I decided to look into using a Graph Database, which is able to elegantly handle relationships and data which doesn’t fit well into simple tables. Fundamentally a Graph Database thinks in terms of vertexes (things) and edges (connections between things).
A graph database can model complex relationships: for example here the Pali Nikayas are children of “su” (Suttas) and “pi” (Pali). There is no need for one of these to be the root of the data.
I found a database called ArangoDB that thoroughly exceeds expectations. ArangoDB is a multi-model database, which means it can act as a document store (like MongoDB), key: value store (like Redis) and a graph database (like neo4j). Not only that but it caters to providing JSON data to client side rendering frameworks - in that sense it is highly practical.
- Natively JSON, basically it speaks, thinks in and understands JSON.
- Can act as a standalone backend server, presenting a REST API. It has authentication and permissions.
- Is a turnkey application. You just install it and it’s ready to go - no dependencies or complications.
- It has a web interface with a built-in visualizer and query analyzer.
- There is a consistently clear emphasis on ease of use and ease of learning.
- ArangoDB decreases the number of things you need to know, rather than increases.
Some things it does right:
- Database for a modern PWA, it is practically a dropin replacement for something like MySQL if you want to use JSON and have a REST API - and that’s to say nothing of it’s multi-model capabilities.
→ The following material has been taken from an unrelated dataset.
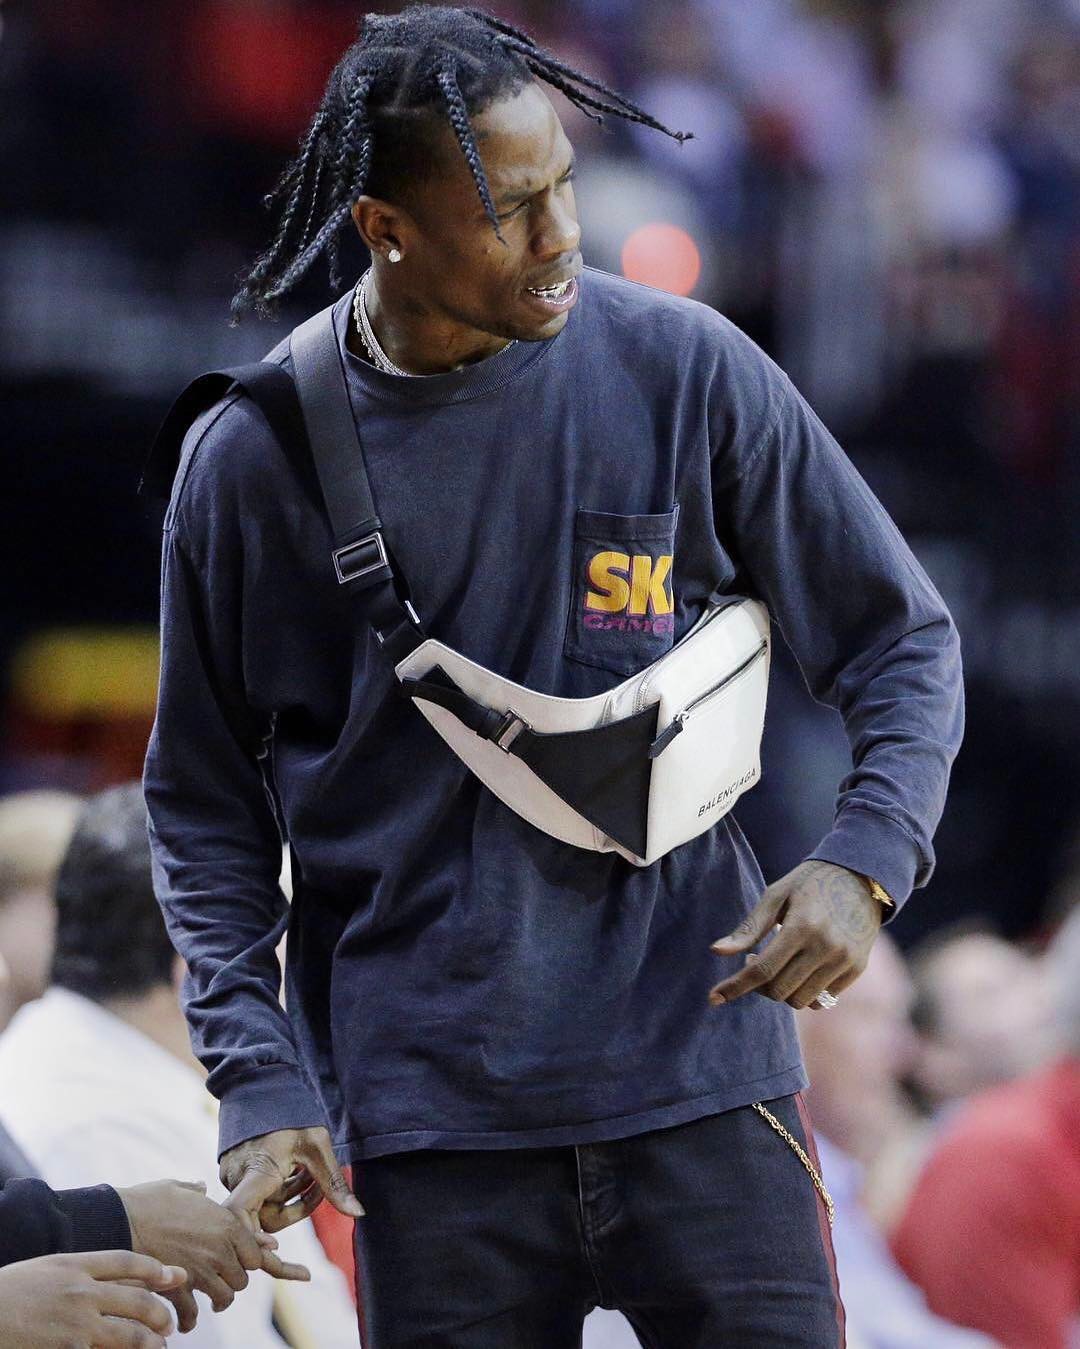 SPOTTED: Travis Scott in Balenciaga Jeans and Bag

- Microservices are a big buzzword but they can also be a nightmare to manage. But with ArangoDB instead of running a bunch of different services, you run just one: ArangoDB. The microservices are js plugins that run inside it - snug up against the data where there is no communication overhead. Instead of proliferation of services you get consolidation. At first it seemed like a weird bolted on feature. Now I recognize it’s bloody brilliant, in fact it’s practically common sense.
for ... in ...constructions and such. The flow of AQL is decidedly straightforward and it is far more readable than SQL. A good language provides expressive power, that is relatively few words are required to express your will and make the software carry it out. Like SQL, AQL fulfills this promise while being more readable.
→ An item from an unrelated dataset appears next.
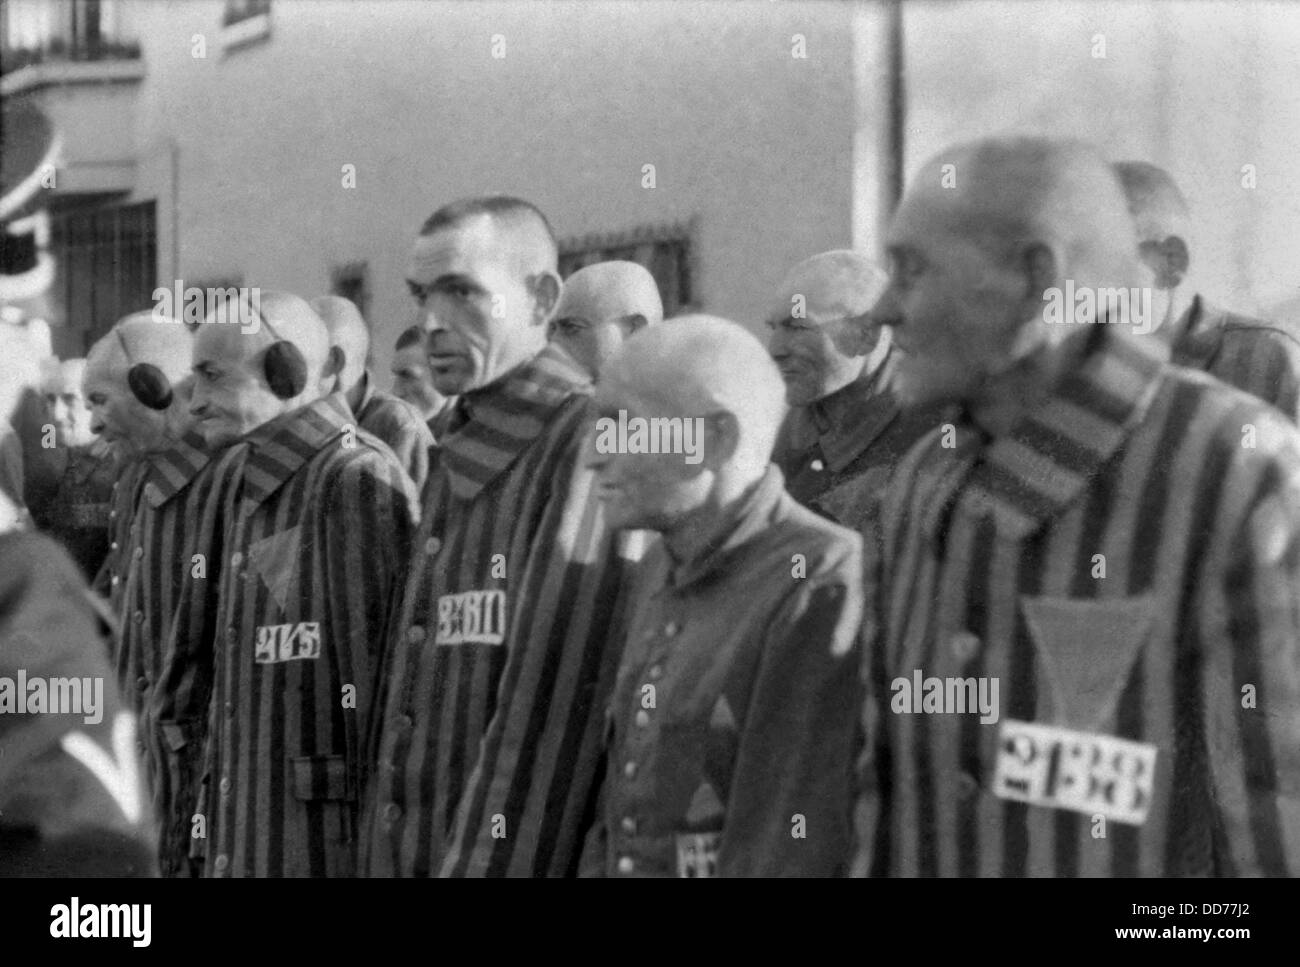 Prisoners in the concentration camp at Sachsenhausen, Germany, Dec. 19, 1938. Located 22 miles north of Berlin, it was near the Stock Photo

- Pragmatic. A “pure” Graph DB can be rendered impractical by adhering to an ideology of graphy purity, a multi-model database does not suffer from ideology, by also acting as a document store and key:value store it can enjoy extremely high performance for operations which a graph model is ill-suited for.
- Import/Export is as JSON files, cleanly separated into structure and data.
There are a lot of things that traditional databases do wrong now… to be fair, MySQL is over 20 years old now, it comes from a completely different era of computing. ArangoDB is only 5 years old, it has grown up in the modern era of computing, and it shows. It also seems to be a product of some very fine German engineering (it is an opensource project, but backed by a German database company)
- To get a consistency guarantee. When all the data is loaded into a graph database, and you try and link everything together with links, you know if there are problems like typos in uids.
- To get data wrangling functions and a REST API for free - also has a nice web interface baked in.
- To have the data in a format which can be exported, and then imported into other applications like visualizers.
- A farewell to Python (at least in the web server). While I love Python, there are advantages in using one language consistently.
- Infinite Possibilities, ArangoDB offers both great flexibility and ease of expression with blazing fast performance (contrast Elasticsearch: which is powerful but too sluggish for many tasks I can imagine) and it is easy to implement highly performant plugins for custom logic.
- A clear winner: ArangoDB is clearly better than alternatives - the closest competitor is OrientDB, but ArangoDB offers a host of side benefits, most of which come from the c/c++ core + V8 architecture.
- Not all beer and pizzas. For example vinaya parallels in the graph is basically a bomb (if there are 20 things all parallel of each other, that’s 400 links if expressed in the most naive way as a graph). Altough the fact that ArangoDB is a multi-model database with a powerful plugin architecture entirely mitigates this issue - that is to say even though it doesn’t solve all problems, it also doesn’t get in the way of solutions.
- Graph databases aren’t very well known and the most well known one (neo4j) is kind of esoteric, ArangoDB is the youngest of those to appear on the radar.
- Technology lock in. This is obviously unavoidable, you have to use some technology or another. A good strategy is probably to minimize how esoteric your technologies of choice are. ArangoDB isn’t popular I believe mainly due to being new, but it’s also very straightforward in every way.
I’m surprised I didn’t look into a Graph database before now - altough that’s because I barely even know they exist, no Graph DB has risen to prominence and it could easily be assumed they are only suitable for esoteric purposes. Multi-model databases are even more unusual and even newer. It’s probably only in the past 2 or 3 years that it would have started looking like a good idea.